SALATHIAN L. HOUSTON, Defendant-Appellant.

No. 14-11586

United States Court of Appeals, Eleventh Circuit

January 5, 2015

DO NOT PUBLISH

Appeal from the United States District Court for the Northern District of Florida D.C. Docket No. 3:13-cr-00099-MCR-1.

Before WILSON, WILLIAM PRYOR and BLACK, Circuit Judges.

PER CURIAM.

Salathian Houston appeals his conviction for possession of a firearm as a convicted felon. 18 U.S.C. §§ 922(g)(1), 924(a)(2). Houston challenges the denial of his motion to suppress the firearm, which was discovered inside a glove compartment of a vehicle in which he was a passenger. The district court ruled that Houston lacked standing to challenge the search of the vehicle and he was never seized by law enforcement, and the district court ruled alternatively that there was no casual connection between the alleged seizure and discovery of the firearms. We affirm.

On denial of a motion to suppress, we review findings of fact for clear error and the application of law to those facts de novo. United States v. Spoerke, 568 F.3d 1236, 1244 (11th Cir. 2009). We construe all facts in the light most favorable to the government. Id.

Houston lacked standing to challenge the search of the vehicle where the firearm was found. Tonyetta Gaston claimed to own the vehicle, a Ford Expedition, and it was registered to Anthony and Gloria Gaston. See Rakas v. Illinois, 439 U.S. 128, 134, 99 S.Ct. 421, 425 (1978); United States v. Lee, 586 F.3d 859, 864–65 (11th Cir. 2009). Houston was a passenger in the Expedition, but it was not searched following a traffic stop, which Houston could have had standing to challenge. See Brendlin v. California, 551 U.S. 249, 255–58, 127 S.Ct. 2400, 2405–07 (2007). As Houston acknowledges in his brief, "it is undisputed [that Deputy Joshua Hendershott approached] the Expedition vehicle [while it] was lawfully parked with the engine running."

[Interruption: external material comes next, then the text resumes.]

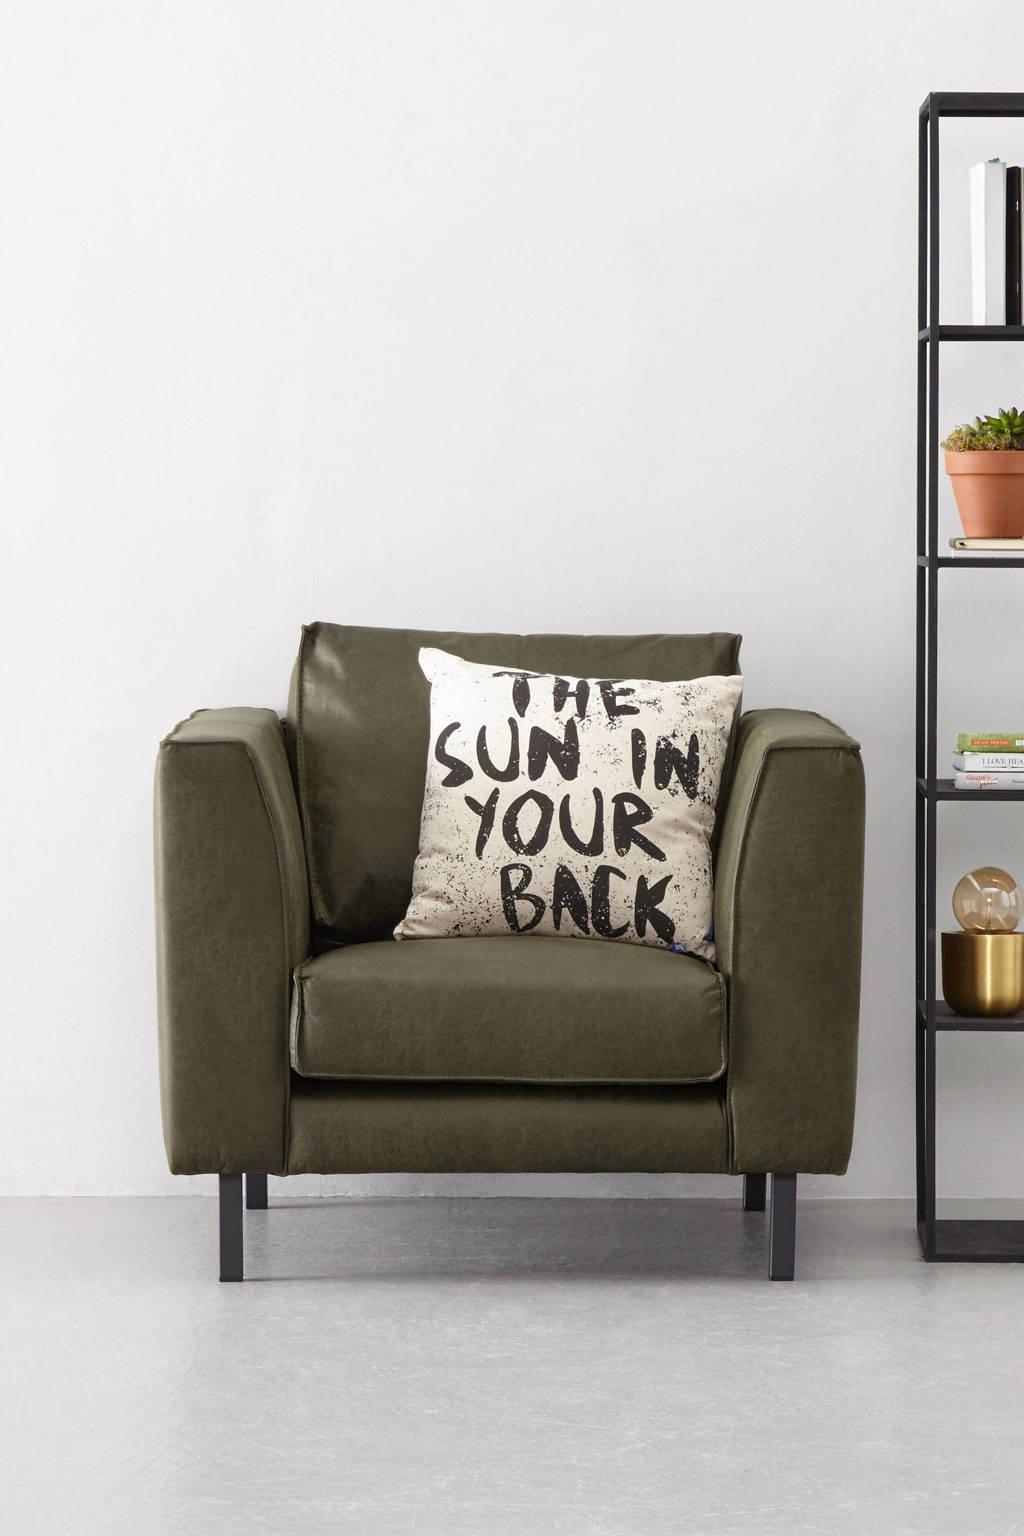 whkmp's own eco-leren fauteuil Rio, Donkergroen

Houston's encounter with law enforcement was consensual and did not trigger scrutiny under the Fourth Amendment. Hendershott did not "exert a show of authority that [would have] communicate[d] to [Houston] that his liberty [was] restrained" while he was sitting in the front passenger's seat of the Expedition. See United States v. Baker, 290 F.3d 1276, 1278 (11th Cir. 2002). Hendershott and the second officer on the scene, Deputy...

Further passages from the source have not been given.